Our study showed that the frequency of cochlear endolymphatic hydrops in definite MD ears was 76–80%. This type of endolymphatic hydrops was more often detected by experienced observers (Rad 1 and 2) than by the observer in training (Oto). Our results can be compared with other studies based on the same MRI sequence—delayed post-contrast 3D-FLAIR. In Barath et al.’s [6] study, this type of hydrops was described in 86.9% of MD ears, van Steekelenburg et al. [21] reported the presence of CoEH in 85% of definite MD ears, and Pai et al. [30] recognized CoEH in 100% of MD ears. In authors that used other MRI sequences (most often three dimension inversion recovery sequence—3D-IR), the frequency of CoEH in MD patients was 90% in Shi et al. [33], while Ito et al. [28] reported this biomarker in 62% of MD ears, and Yoshida et al. [34] observed CoEH in 87% of MD ears. Suárez Vega et al. [27] compared 3D-FLAIR and 3D-IR and found CoEH in 75% of definite MD ears. In our study, in a group of ears without a diagnosis of MD, CoEH was rare, ranging from 4.5 to 6% for ears with Menieriform symptoms and 2.7–8.2% for asymptomatic contralateral ears in MD patients. Similar results were described by van Steekelenburg et al. [21]. They observed CoEH in 3.1% of ears with Menieriform symptoms and 2% of asymptomatic ears MD patients. Ito et al. [28] observed this in 6.3% of asymptomatic ears.

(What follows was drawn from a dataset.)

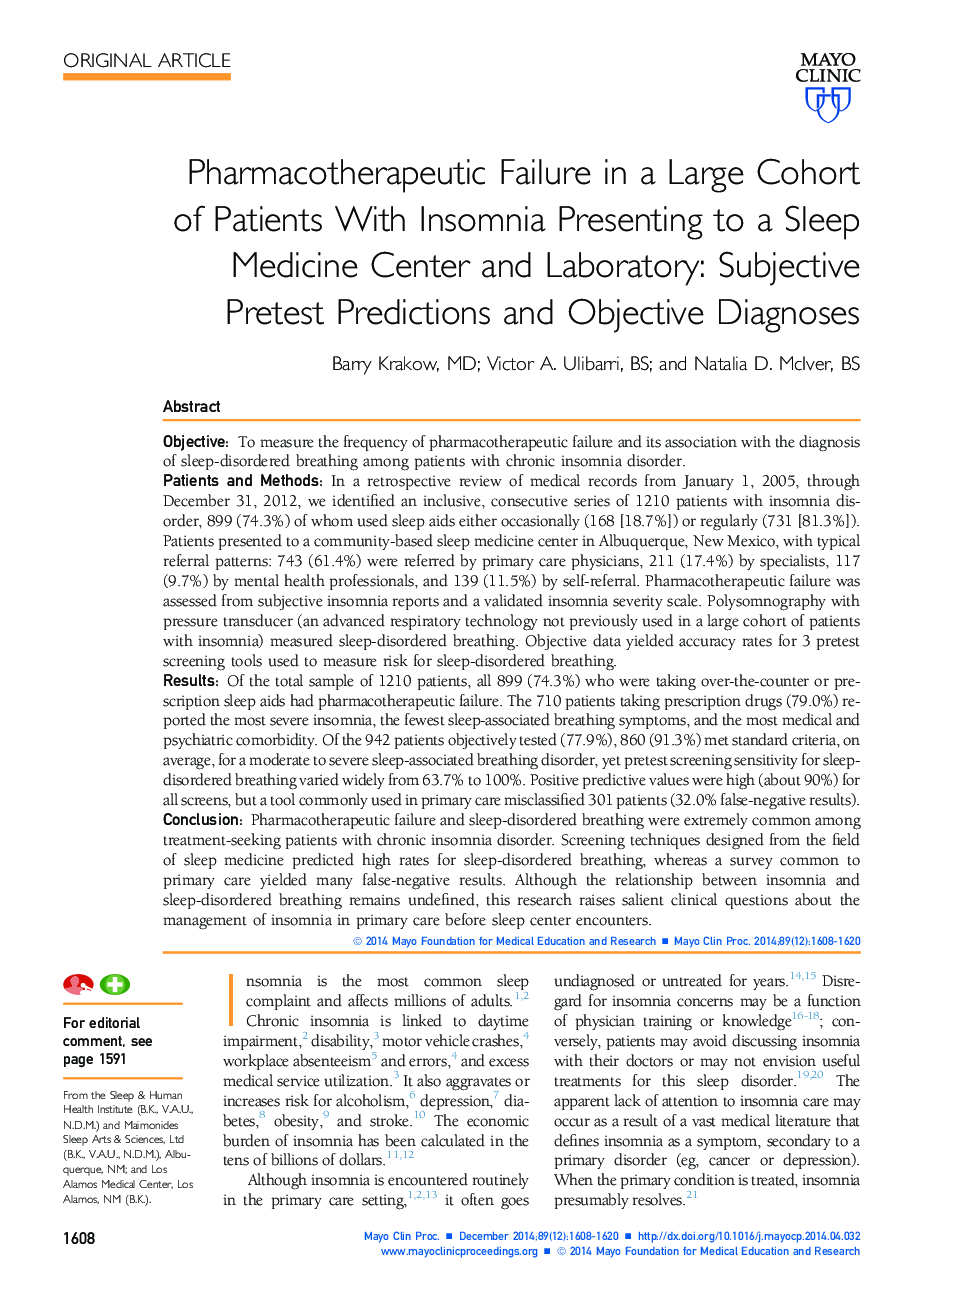 شکست فارماکولوژیک در یک گروه بزرگ از بیماران مبتلا به بی خوابی به مرکز پزشکی و آزمایشگاه خواب: پیش بینی های پیش بینی ذهنی و تشخیص هدف

In our study, all the observers detected vestibular endolymphatic hydrops using the Barath scale in 74.7% of definite MD ears. Referring to other studies that used the 3D-FLAIR sequence, our results are similar to those reported by Paskoniene et al. [29], who revealed VEH in 76.4% of MD ears, and lower than results obtained in studies by Barath et al. [6] (92%), van Steekelenburg [21] (89%) and by Pai et al. [30] (86%). Similar results were obtained with other MRI sequences, as follows: Shi et al. [33] described VEH in 88% of MD ears, Ito et al. [28] in 66%, and Yoshida et al. [34] in 94%. Suárez Vega et al. [27] described VEH in 92% of MD ears. In our study, for ears with other symptoms that do not fulfil the criteria for MD but presented some symptoms, VEH was assessed only in 4.5%, and similarly in asymptomatic contralateral ears in 2.7%.

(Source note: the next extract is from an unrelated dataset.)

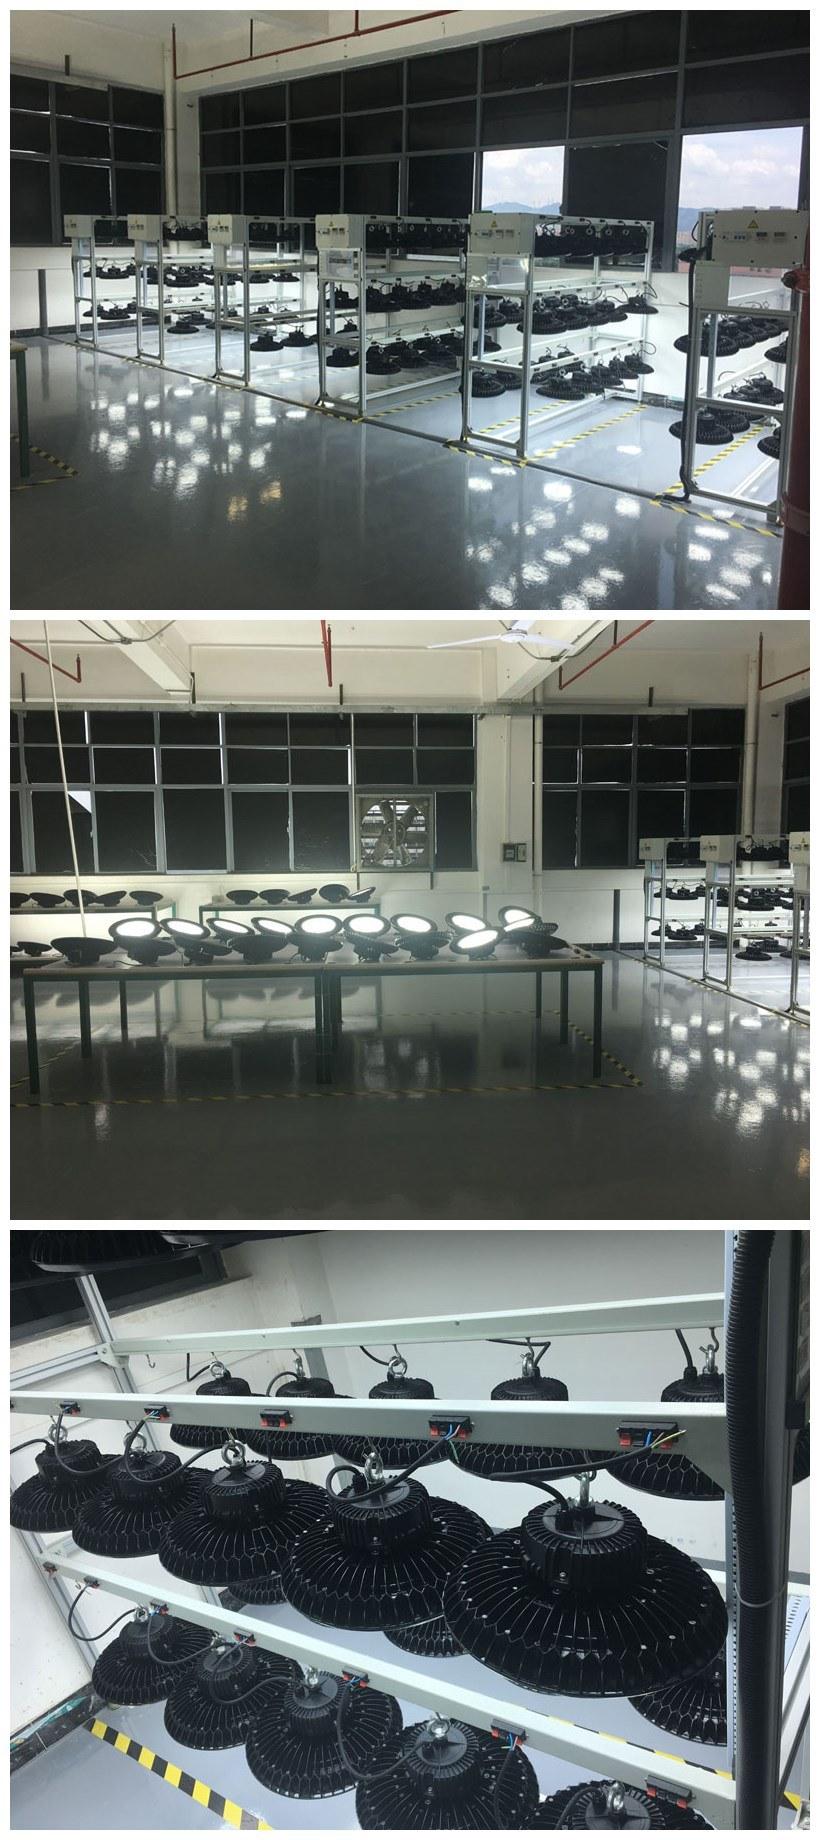 300W LED Warehouse Highbay Light Indoor Lighting Fixture IP65 Waterproof

In our study, adding one grade to Barath’s classification of vestibular endolymphatic hydrops, as was described by Bernaerts, changed the frequency of VEH identification in definite MD ears to 81–83%, depending on the observer. However, this criterion changed the frequency of recognizing VEH in ears with Menieriform symptoms to 7.5% and 11% in asymptomatic ears. Consequently, the sensitivity increased, but the specificity decreased. Similarly, in Bernaerts et al.’s study [8], this feature increased the sensitivity of VEH from 79.5% to 85%, and in the study of Jasinska et al. [10], from 82% to 92%. It is worth emphasizing the extra low VEH in asymptomatic ears of six patients diagnosed with unilateral definite MD and two with sudden deafness. This finding might be explained by the fact that MD is often a bilateral disease with different onset in each ear, and dilation of the saccule might be an early sign of MD before symptoms appear [10,35,36].

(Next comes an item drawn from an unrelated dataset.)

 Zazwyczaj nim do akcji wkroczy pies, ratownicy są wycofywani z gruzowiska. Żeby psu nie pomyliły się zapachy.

In the literature, increased perilymphatic enhancement of the inner ear structures as a sign of blood–perilymph barrier impairment was described as the next probable biomarker of MD [6,8,21,22,37,38,39]. Our study observed it in 59–63% of definite MD patients, in the group of ears with other symptoms in 13%, and only 2.7% in asymptomatic ears. In Bernaerts et al.’s [8] study, 67.9% of MD patients had increased PE on the affected side. Van Steekelenburg et al. [21] observed increased PE in 82.6% of MD, 9.4% of Menieriform symptoms, and 3.4% of asymptomatic ears. However, this parameter should probably be combined with the EH because it may also be present in other ear diseases, such as sudden sensorineural hearing loss or vestibular neuritis [21,40].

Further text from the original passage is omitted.